Assignment
After locating the line that contains "F1 Racing stock image" in the material below, copy that line and each one following it, exactly, up to the last line. Pictures stay out.

The data
++++++++++++++++++++
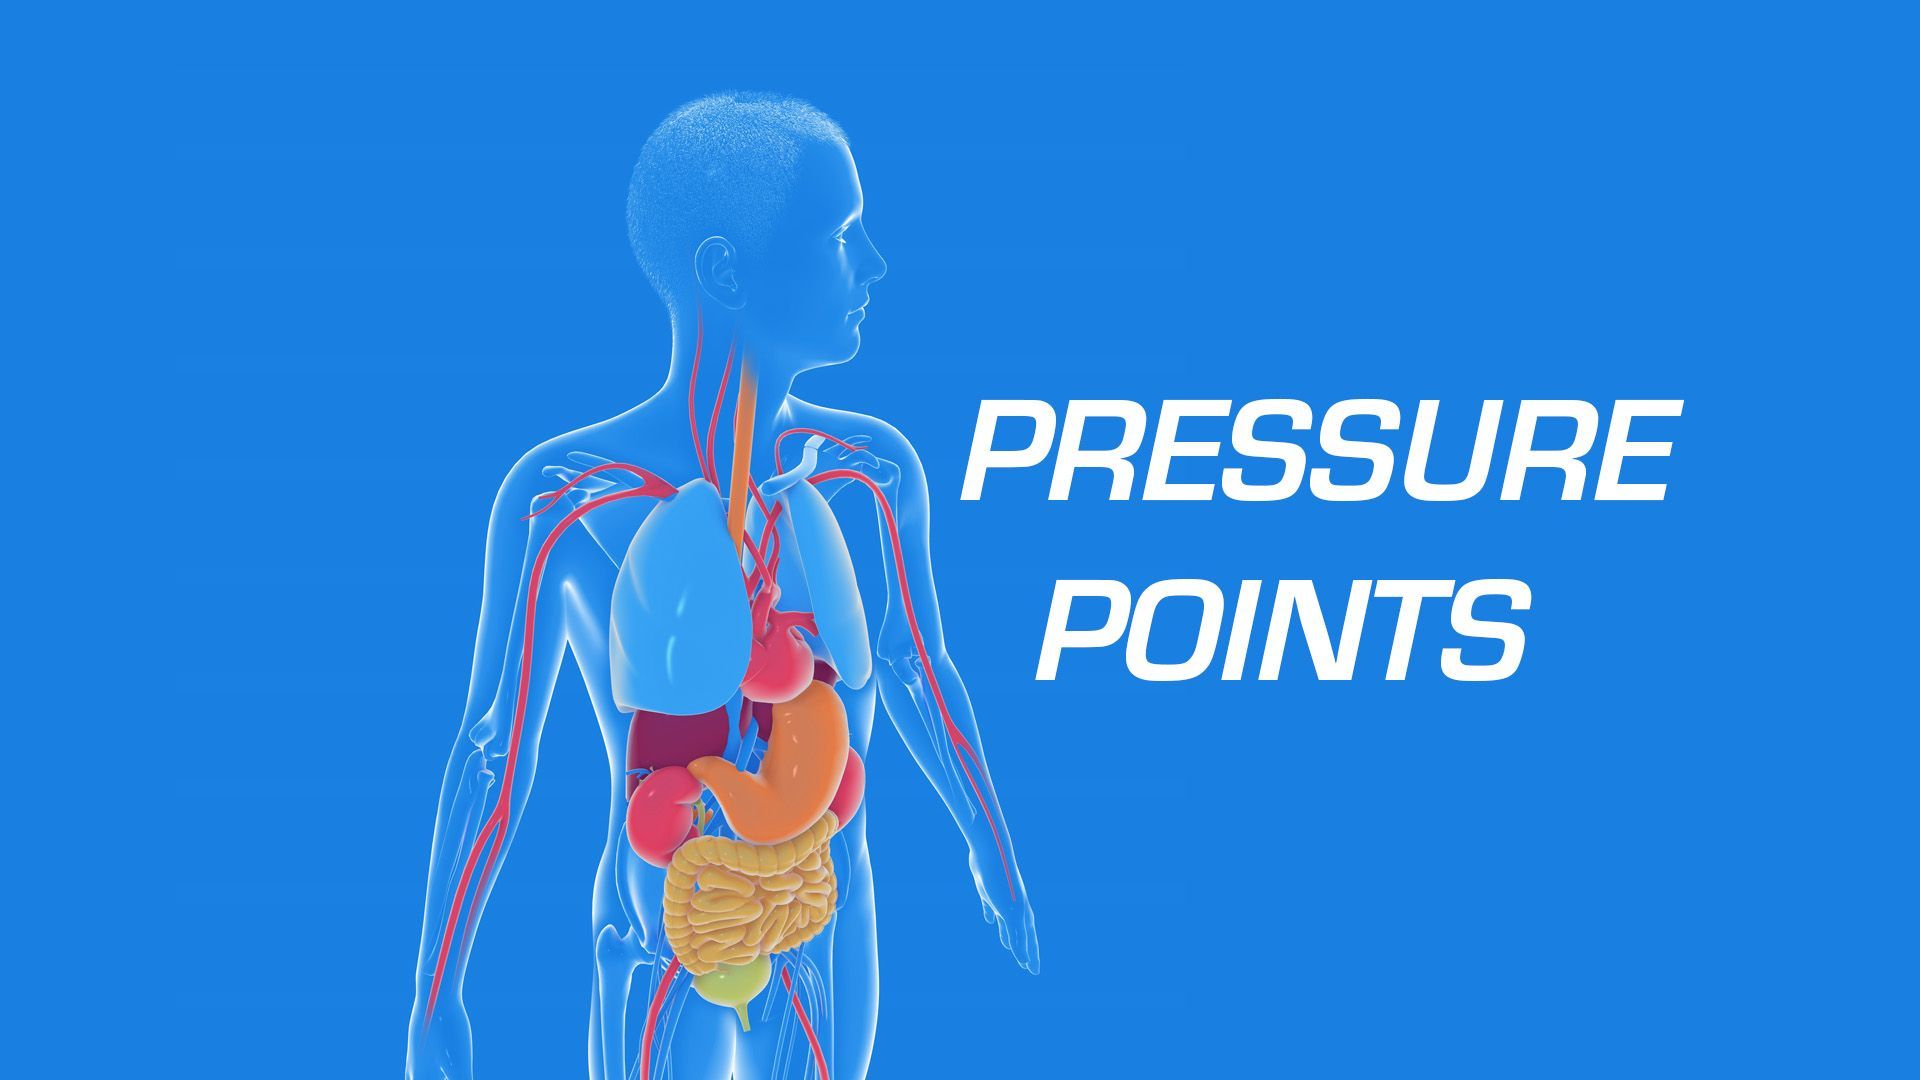 Pressure Points Post | Header Image by © PepeGallardo / Adobe Stock
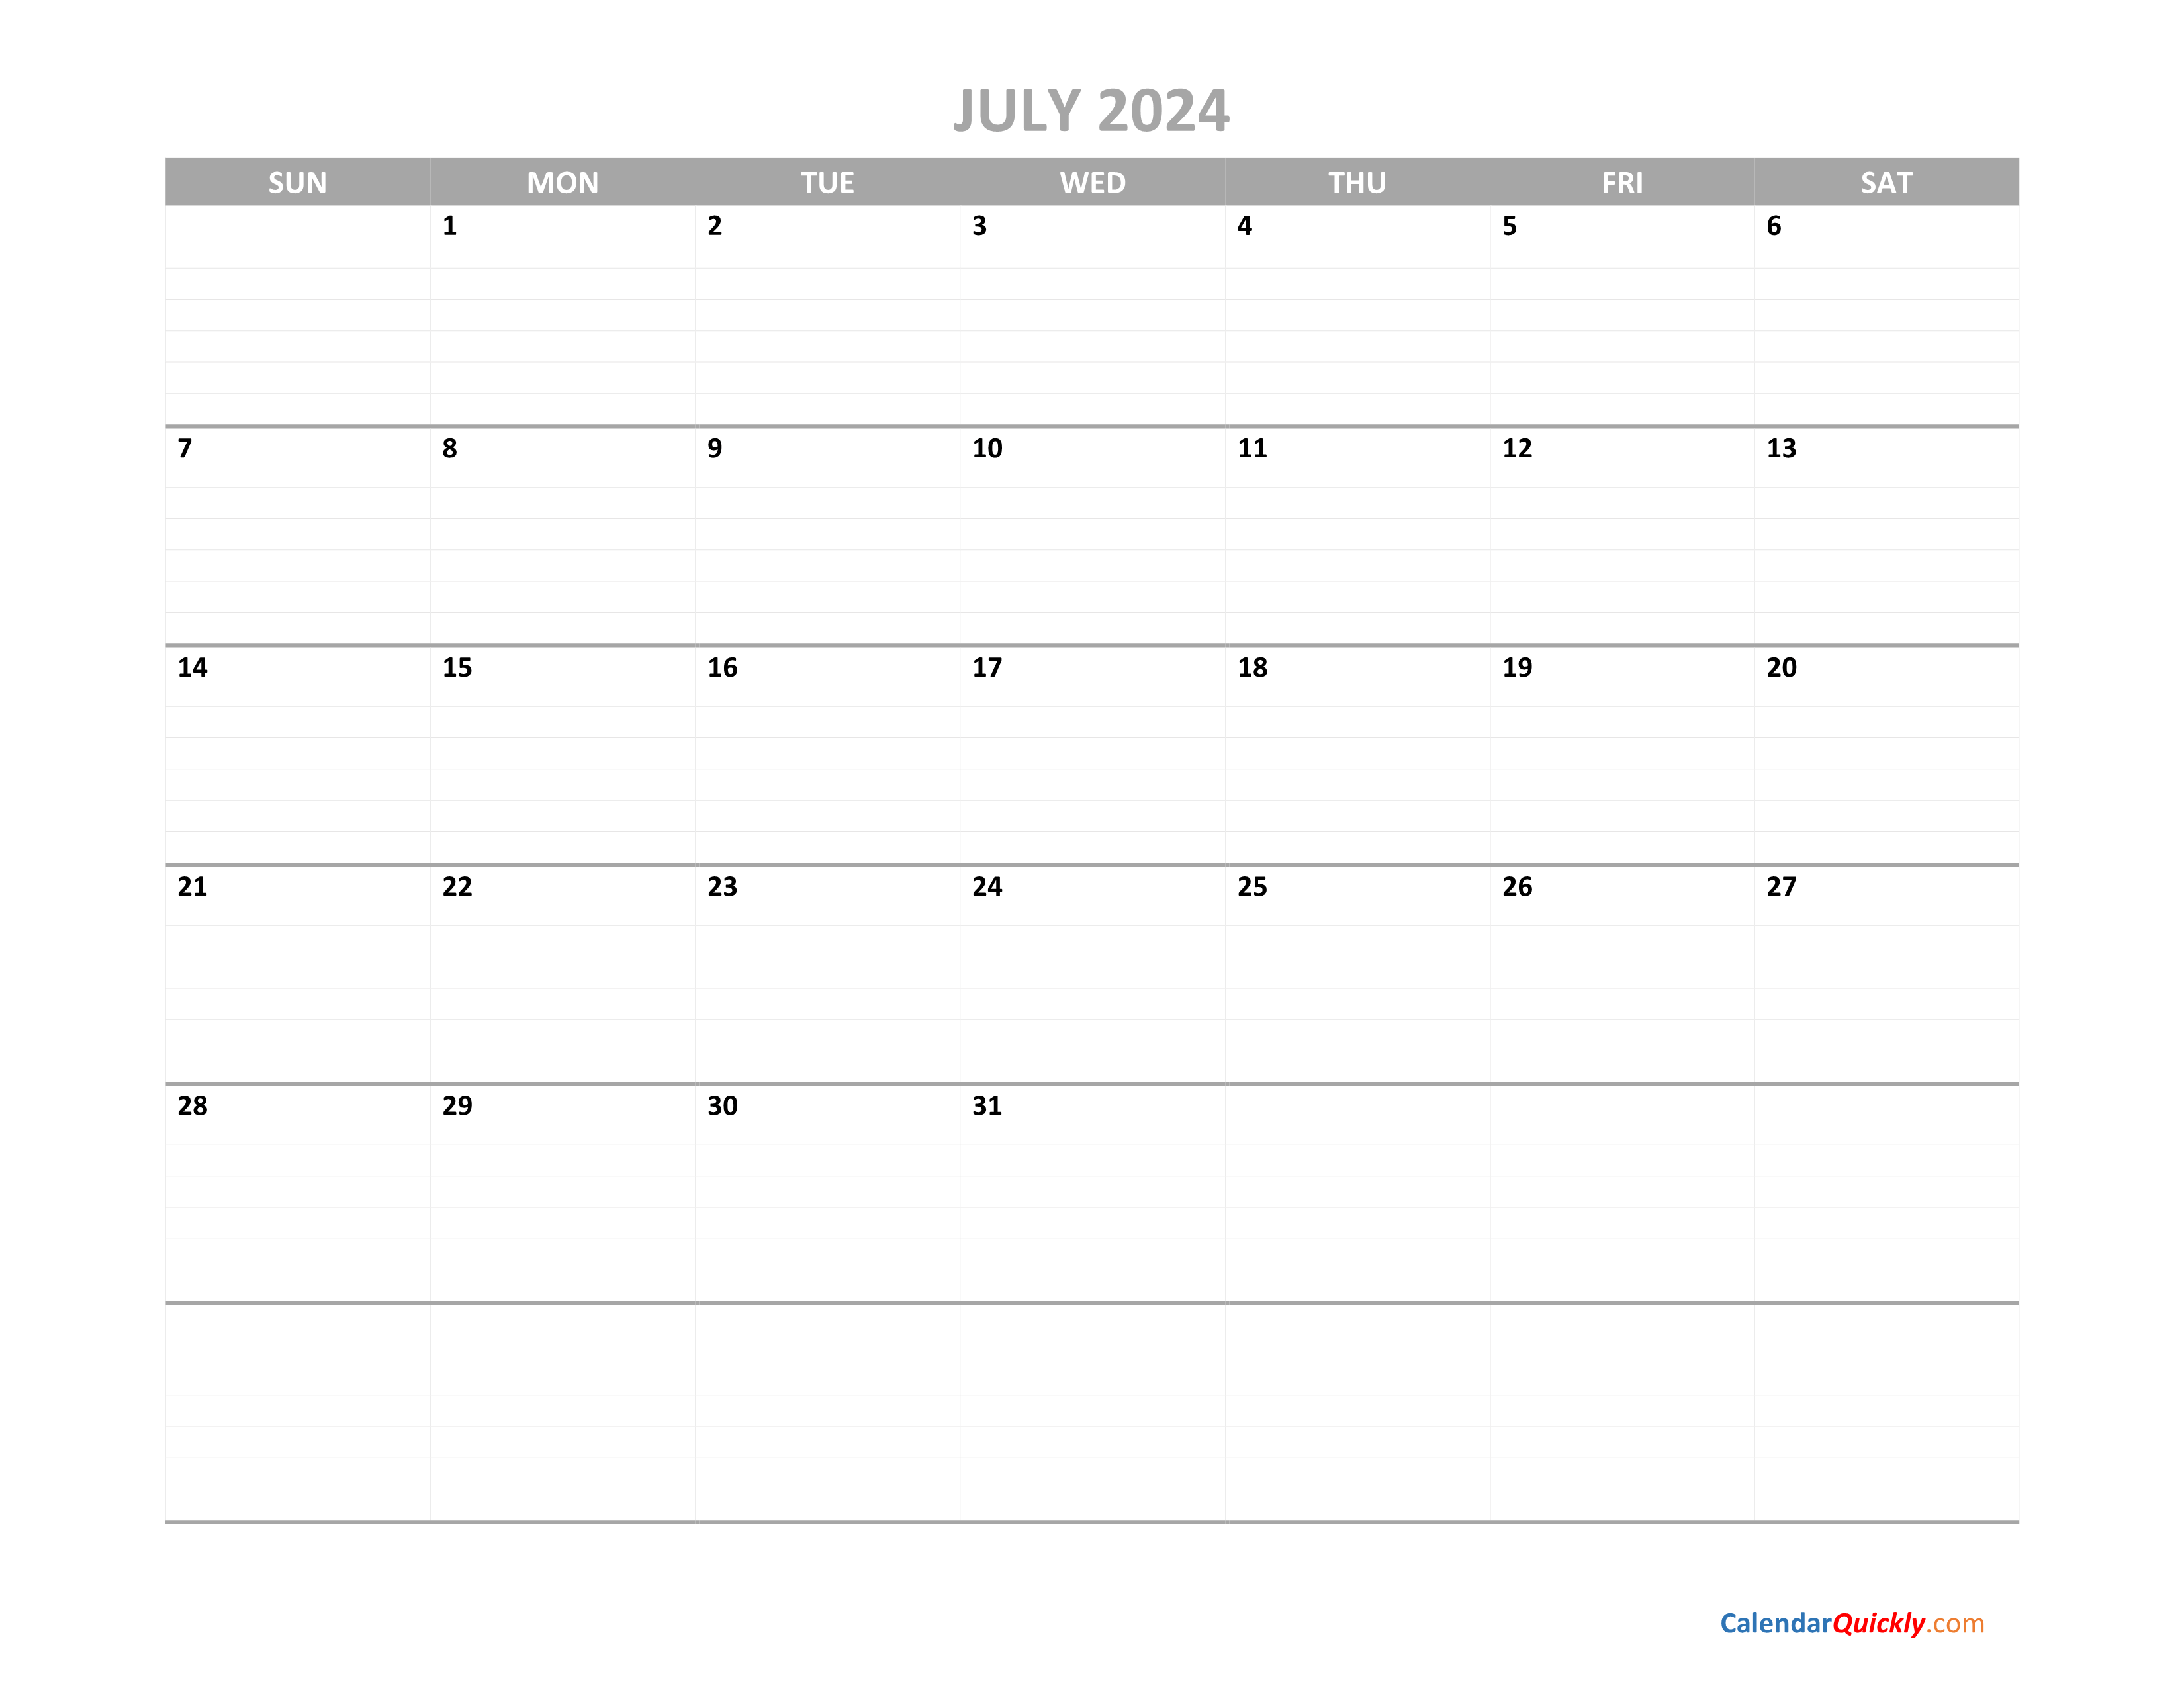 July Calendar 2024 Printable Calendar Quickly
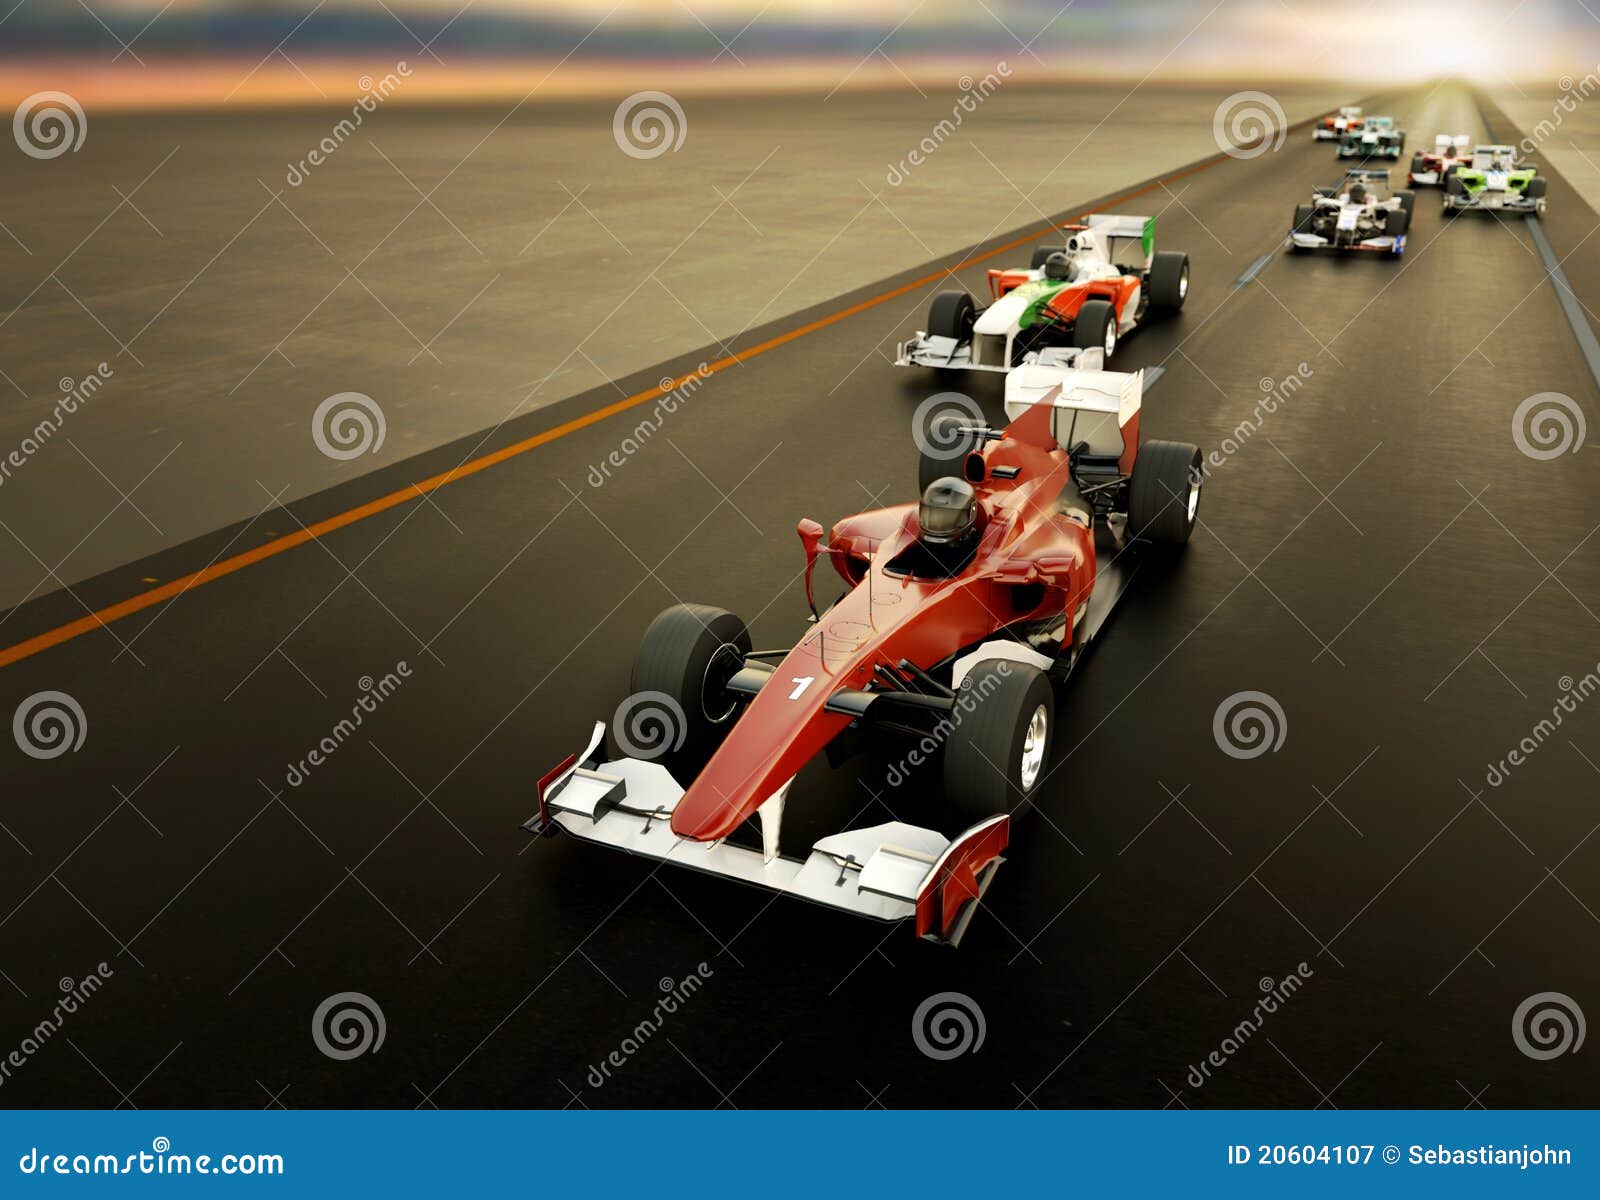 F1 Racing stock image
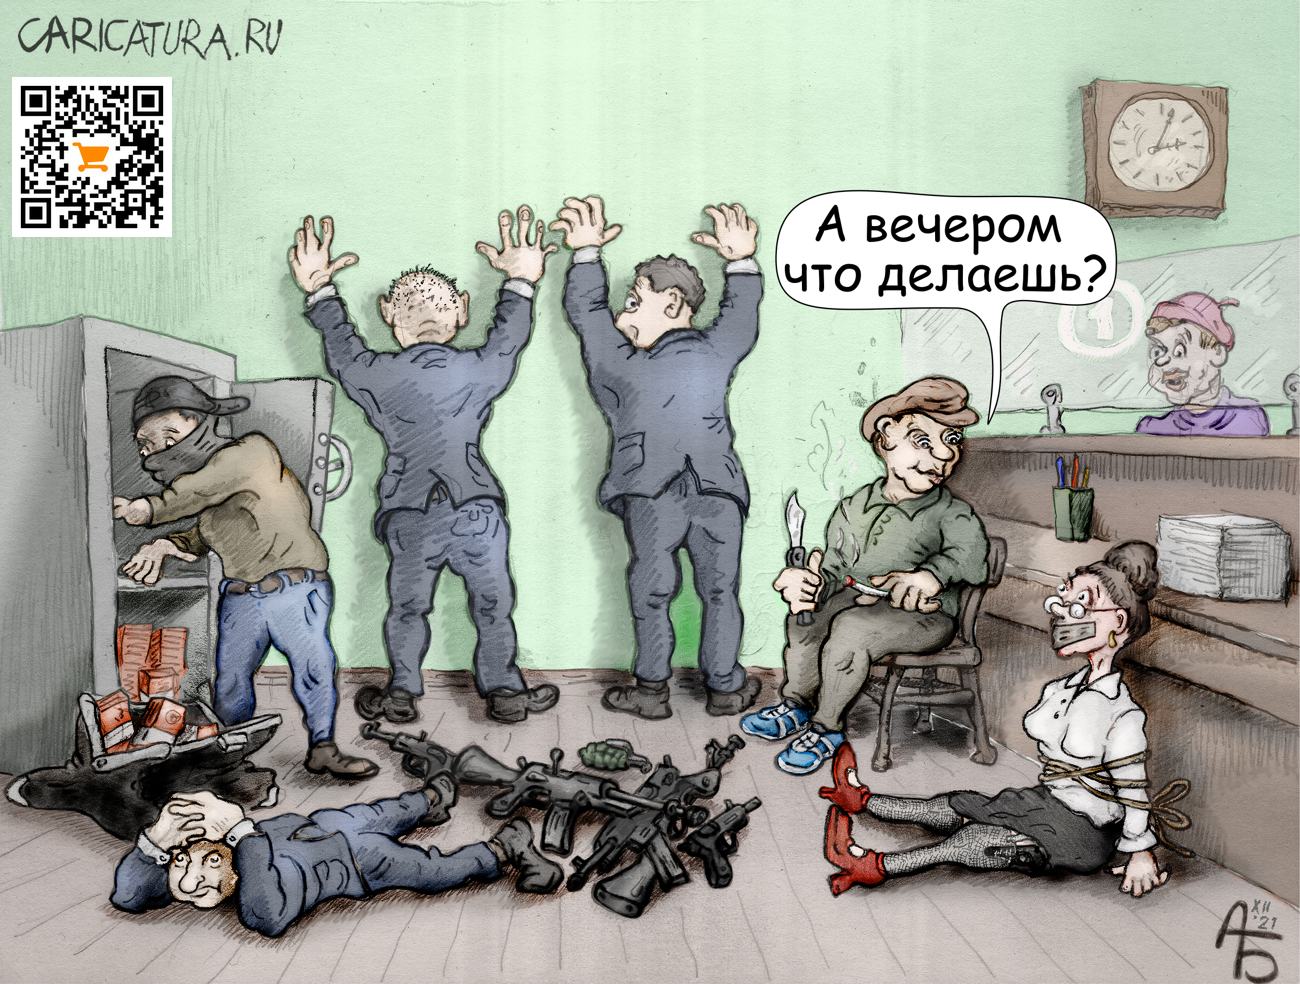 Карикатура "Ограбление", Александр Богданов
++++++++++++++++++++
Final answer
 F1 Racing stock image
 Карикатура "Ограбление", Александр Богданов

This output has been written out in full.